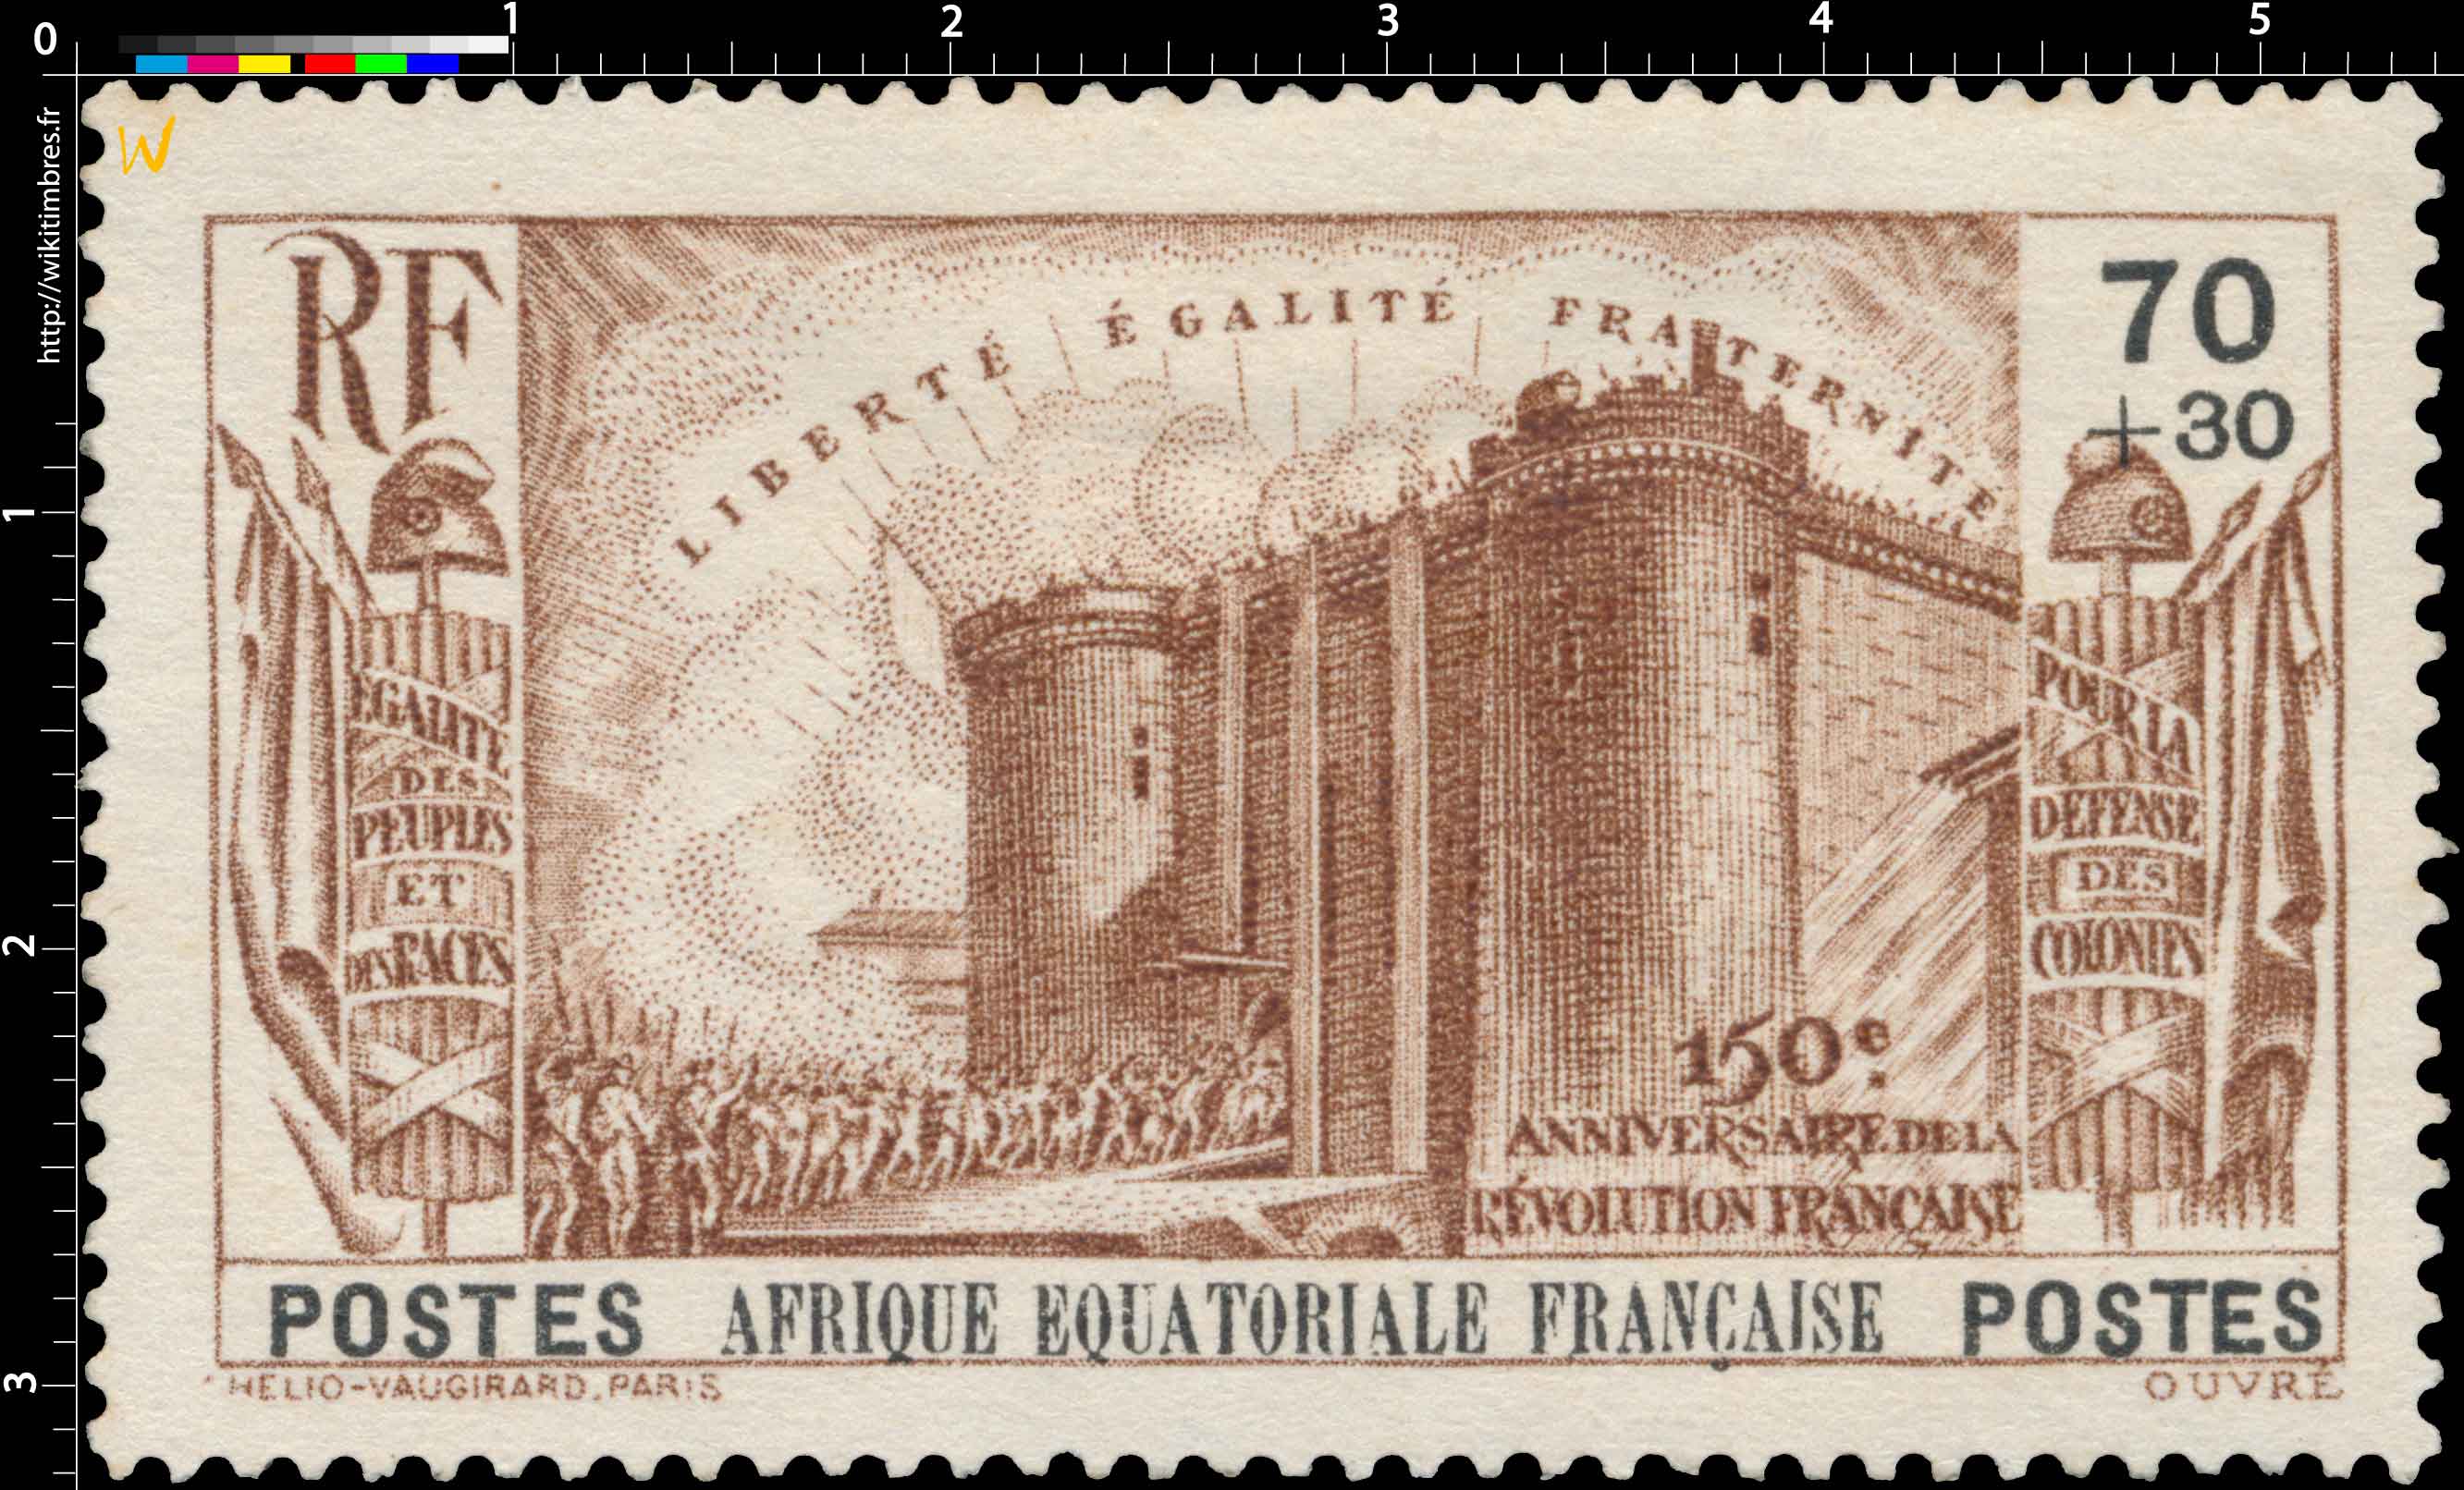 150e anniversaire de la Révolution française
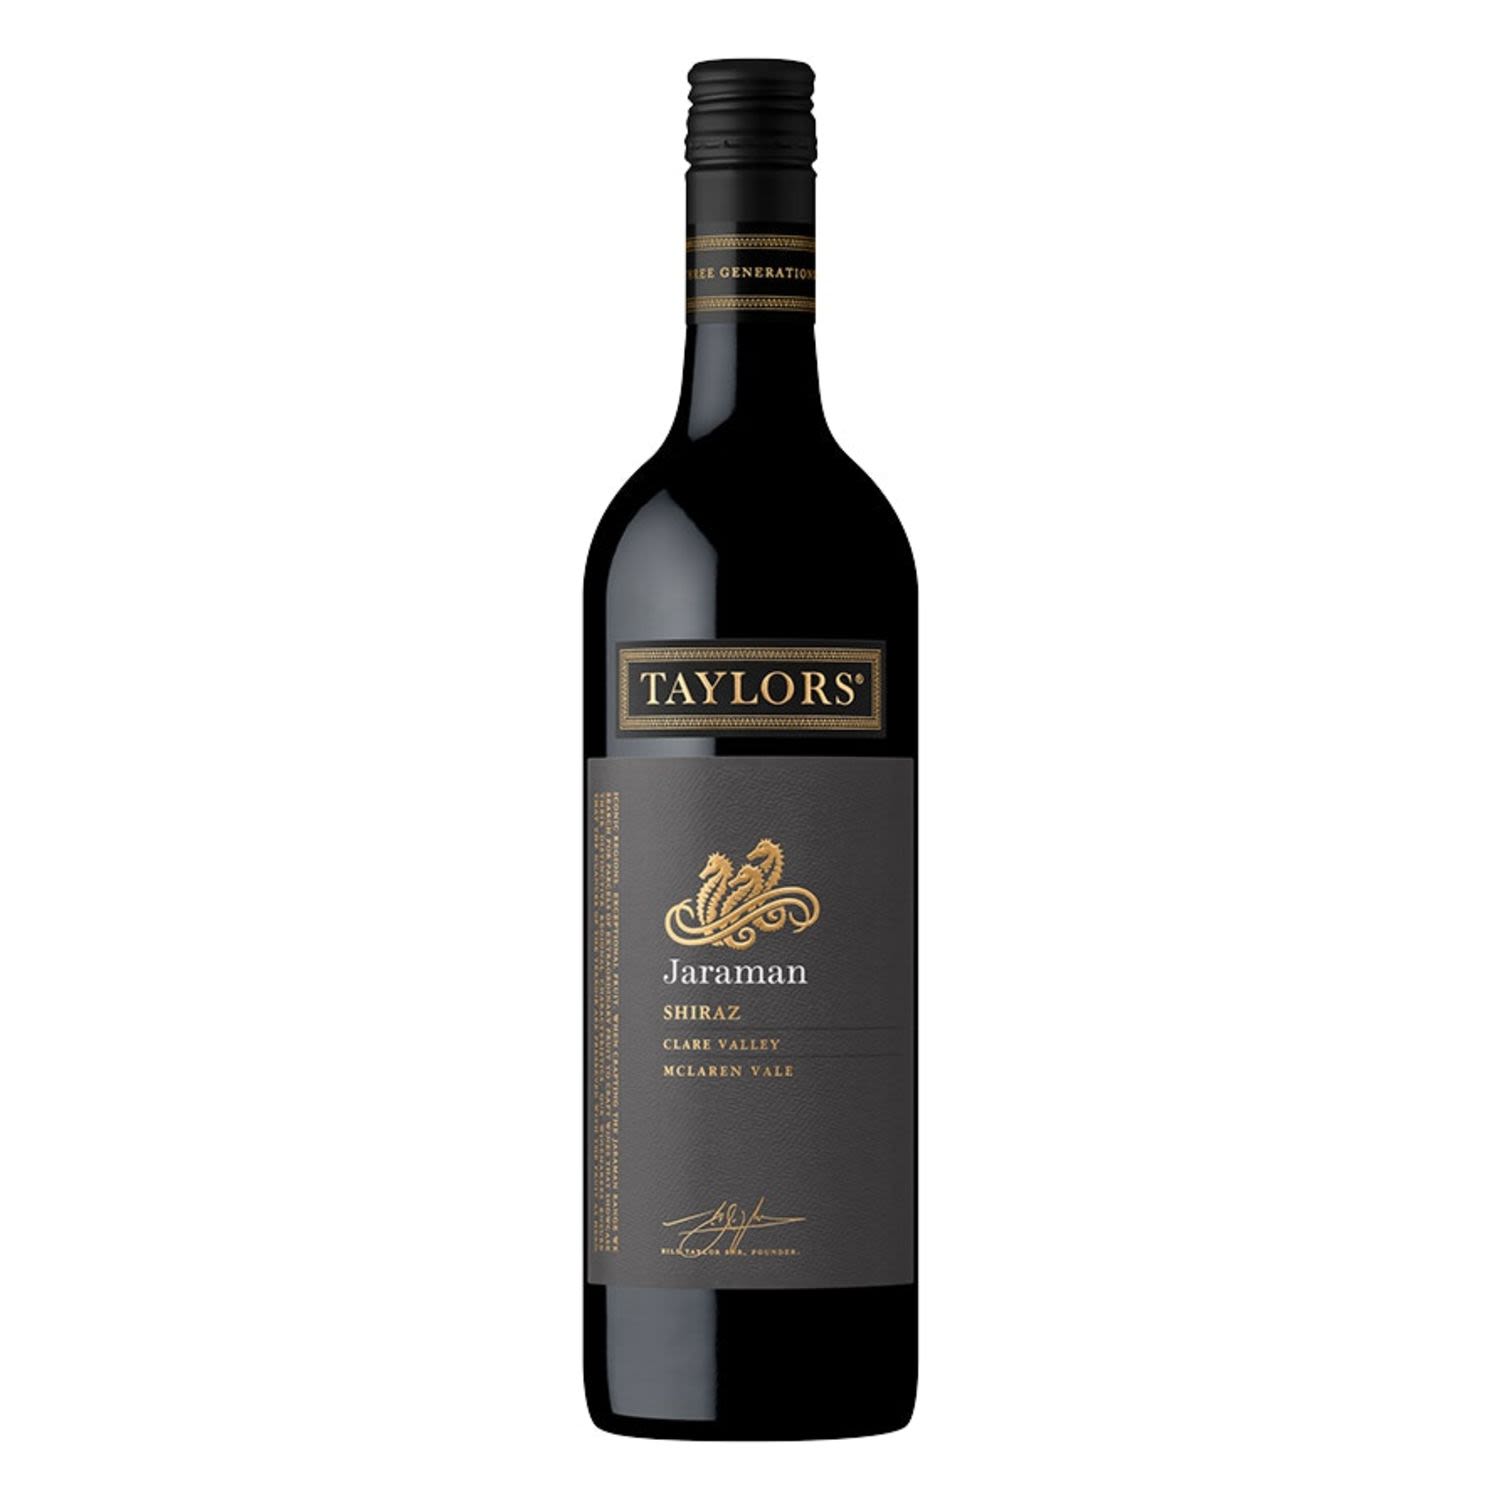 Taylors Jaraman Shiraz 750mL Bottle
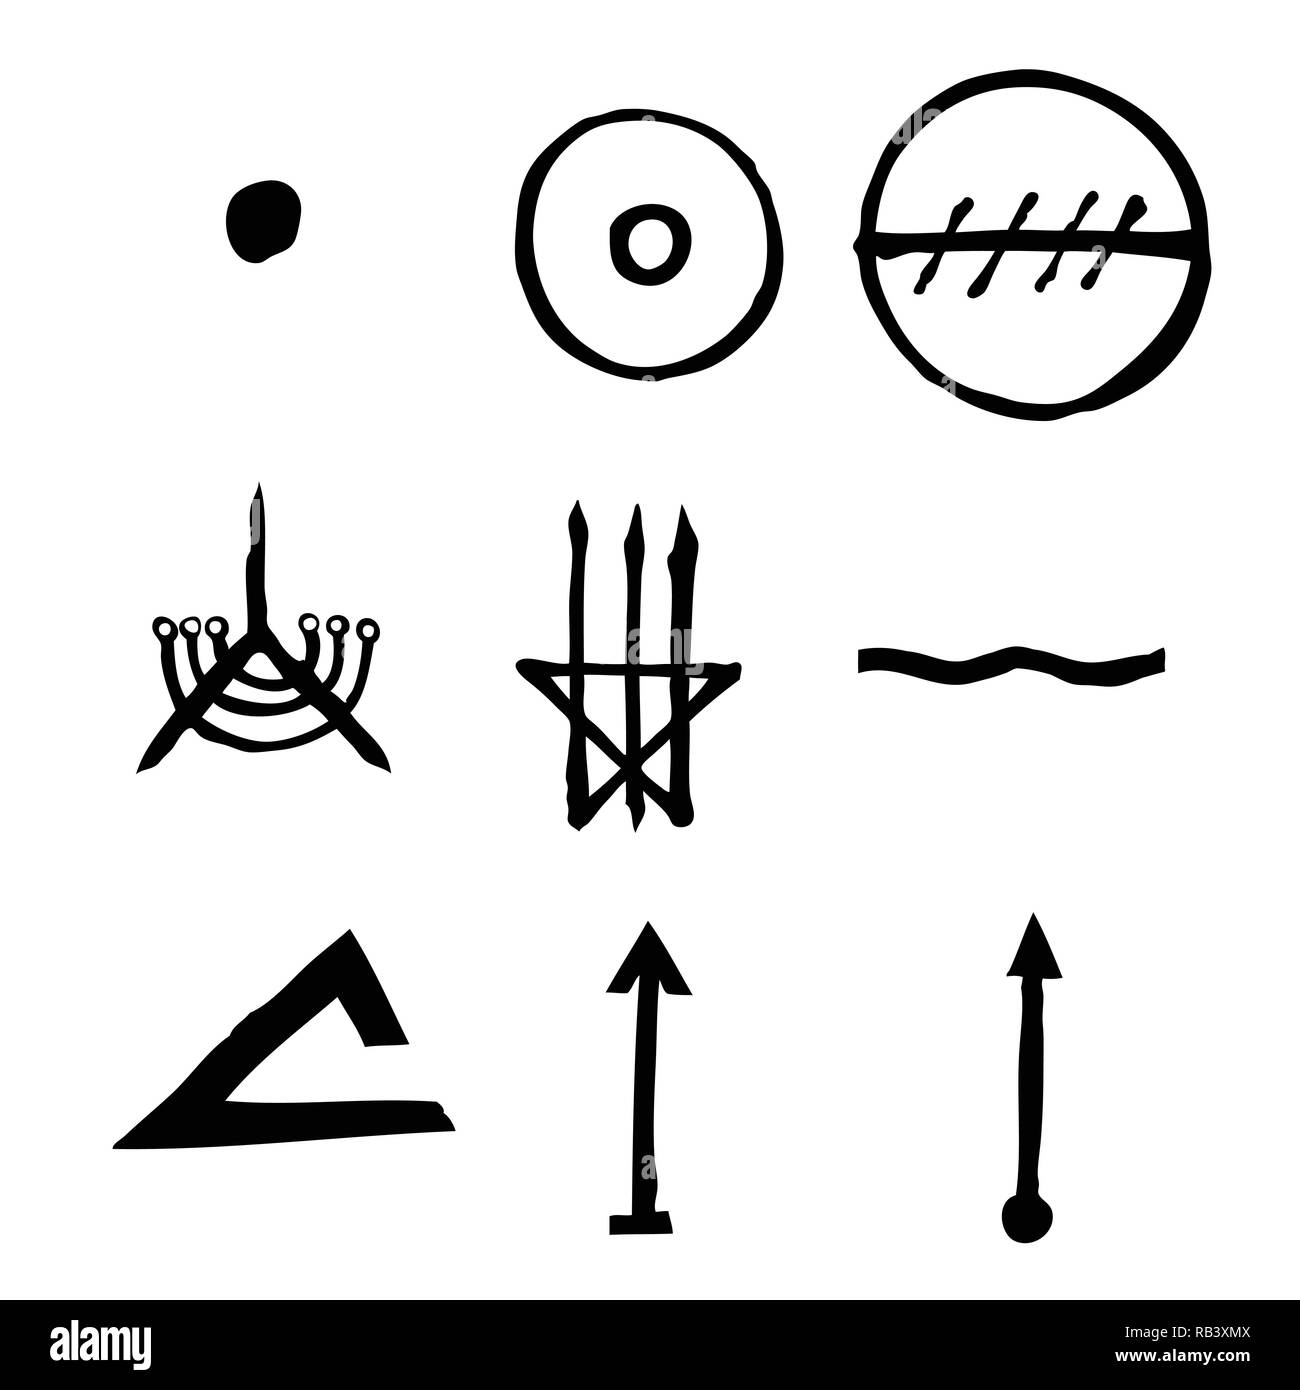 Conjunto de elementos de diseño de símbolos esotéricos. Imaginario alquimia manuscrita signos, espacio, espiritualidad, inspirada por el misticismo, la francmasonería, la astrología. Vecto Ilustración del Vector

********************

ACTIVITY:
Copy the lines above exactly and exclude every image.

TASK SOLUTION:
 150e anniversaire de la Révolution française
 Taylors Jaraman Shiraz 750mL Bottle
 Conjunto de elementos de diseño de símbolos esotéricos. Imaginario alquimia manuscrita signos, espacio, espiritualidad, inspirada por el misticismo, la francmasonería, la astrología. Vecto Ilustración del Vector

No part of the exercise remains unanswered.